Cereno Scientific’s PAH Treatment Gets FDA Fast Track Status

FDA has granted fast track designation to Sweden-based Cereno Scientific (Cereno) for the company’s lead program, CS1, a treatment for pulmonary arterial hypertension (PAH) (1). Cereno announced the FDA decision in a press release on Aug. 26, 2025.

Encouraging trial results

PAH is a rare, progressive disease—characterized by patients having abnormally high blood pressure in the arteries in the lungs—for which safer and disease-modifying therapies are of urgent need, according to Cereno (1,2). CS1 works as an oral histone deacetylase inhibitor that Cereno says has a unique mechanism of action via epigenetic modulation.

Cereno reports that CS1 demonstrated encouraging efficacy while meeting its primary endpoint of safety and tolerability in a Phase IIa trial in patients with PAH, including the following improvements: REVEAL risk score, functional class, and quality of life, plus early signs of both reverse vascular remodeling and right heart function (1).

A Phase IIb trial is currently being prepared.

How fast track can help

“The fast track designation for CS1 underscores FDA’s recognition of its potential to address the significant unmet need in PAH,” said Rahul Agrawal, MD, chief medical officer and Head of R&D at Cereno Scientific, in the press release (1). “Fast track designation will enable closer interaction with the FDA, enabling timely feedback on our development plans as we advance CS1 into its Phase IIb trial and beyond. This designation marks an important step in the development journey for CS1 and supports our goal of making innovative treatment options available to PAH patients as efficiently as possible.”

Cereno CEO Sten R. Sörensen agreed, reiterating that the designation brings Cereno into closer and more frequent interaction with FDA, as well as eligibility for rolling review and the potential for priority review (1).

“We are very pleased to have achieved fast track designation for CS1, which both validates the strength of our CS1 program and supports our mission to bring pioneering treatments to patients with devastating rare diseases like PAH,” Sörensen said in the release (1). “For patients, [the] fast track [program] can accelerate the pathway to new therapies. For Cereno, it is a significant milestone that enhances the value of CS1, reinforces our competitive position, and creates further opportunities for strategic collaborations.”

Other advancements for PAH

Several treatments for PAH advanced in 2024. In June of that year, the European Medicines Agency (EMA) granted marketing authorization in the European Union to Merck (known as MSD outside the United States and Canada)’s Winrevair (sotatercept), as a means of improving exercise capacity in patients with PAH (2). The treatment officially received European Commission (EC) approval in August 2024 (3).

In September 2024, also following a positive opinion from EMA’s Committee for Medicinal Products for Human Use (CHMP), EC approved Johnson & Johnson’s Yuvanci (macitentan/tadalafil) for treatment of PAH (4).

References

1. Cereno Scientific.
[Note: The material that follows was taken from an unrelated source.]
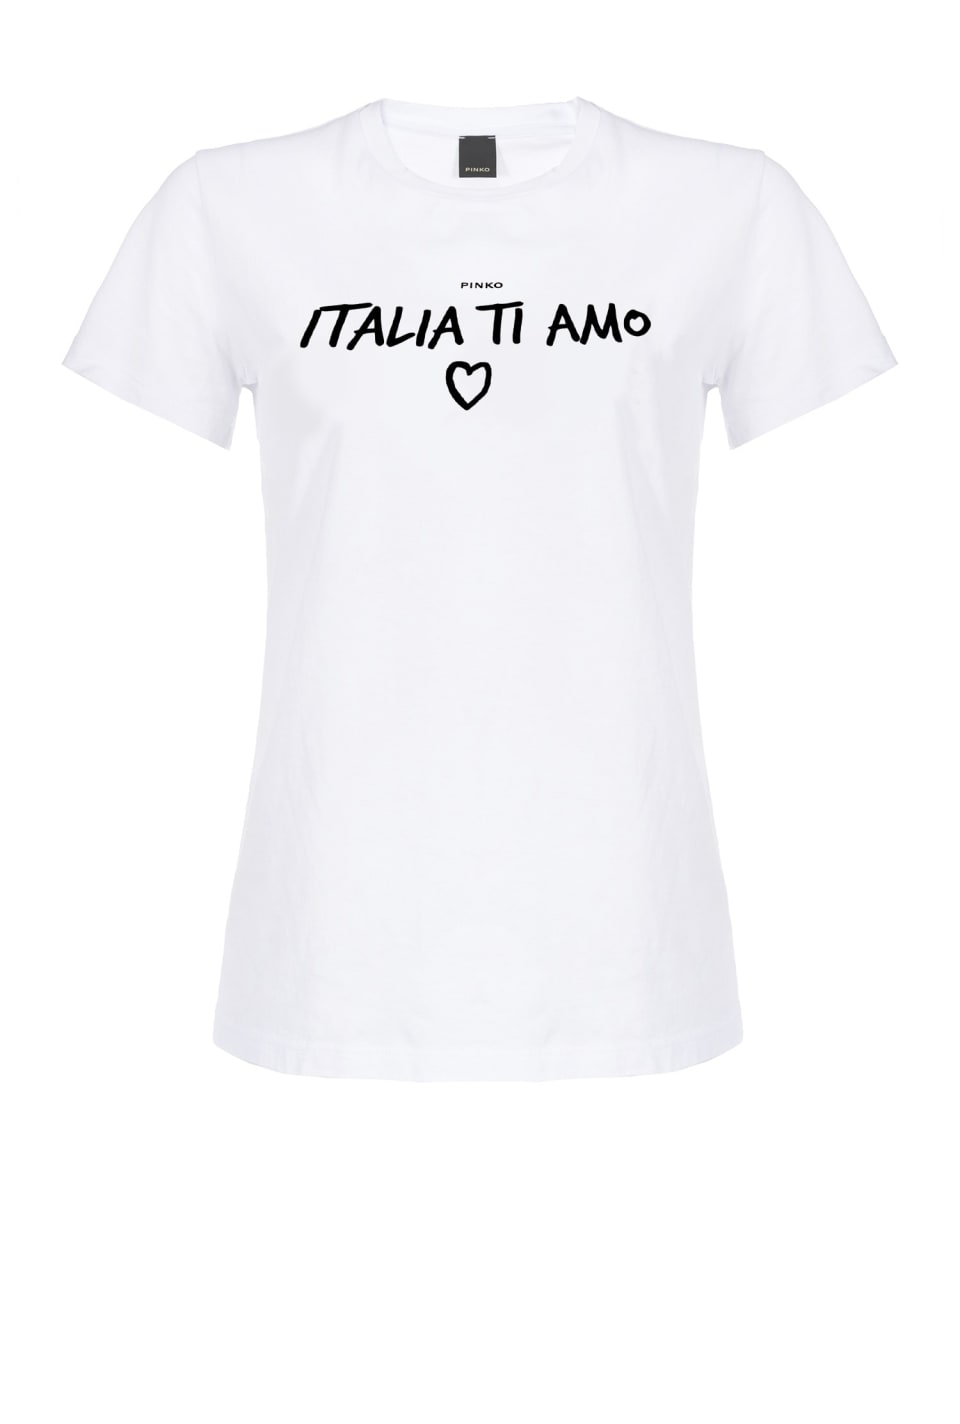 「Italia Ti Amo」 Tシャツ

Cereno Scientific Granted FDA Fast Track Designation for CS1 in Rare Disease Pulmonary Arterial Hypertension (PAH). Press Release. Aug. 26, 2025.
2. EMA. Positive CHMP Opinion on First-in-Class Medicine to Treat Pulmonary Arterial Hypertension. Press Release. June 28, 2024.
3. Merck. Merck Receives European Commission Approval for Winrevair (sotatercept) in Combination with Other Pulmonary Arterial Hypertension (PAH) Therapies, for the Treatment of PAH in Adult Patients with Functional Class II-III. Press Release. Aug. 26, 2024.
4. Johnson & Johnson. European Commission approves Yuvanci (Single Tablet Combination Therapy [STCT] of Macitentan and Tadalafil) for Treatment of Patients with Pulmonary Arterial Hypertension (PAH). Press Release. Sept. 30, 2024.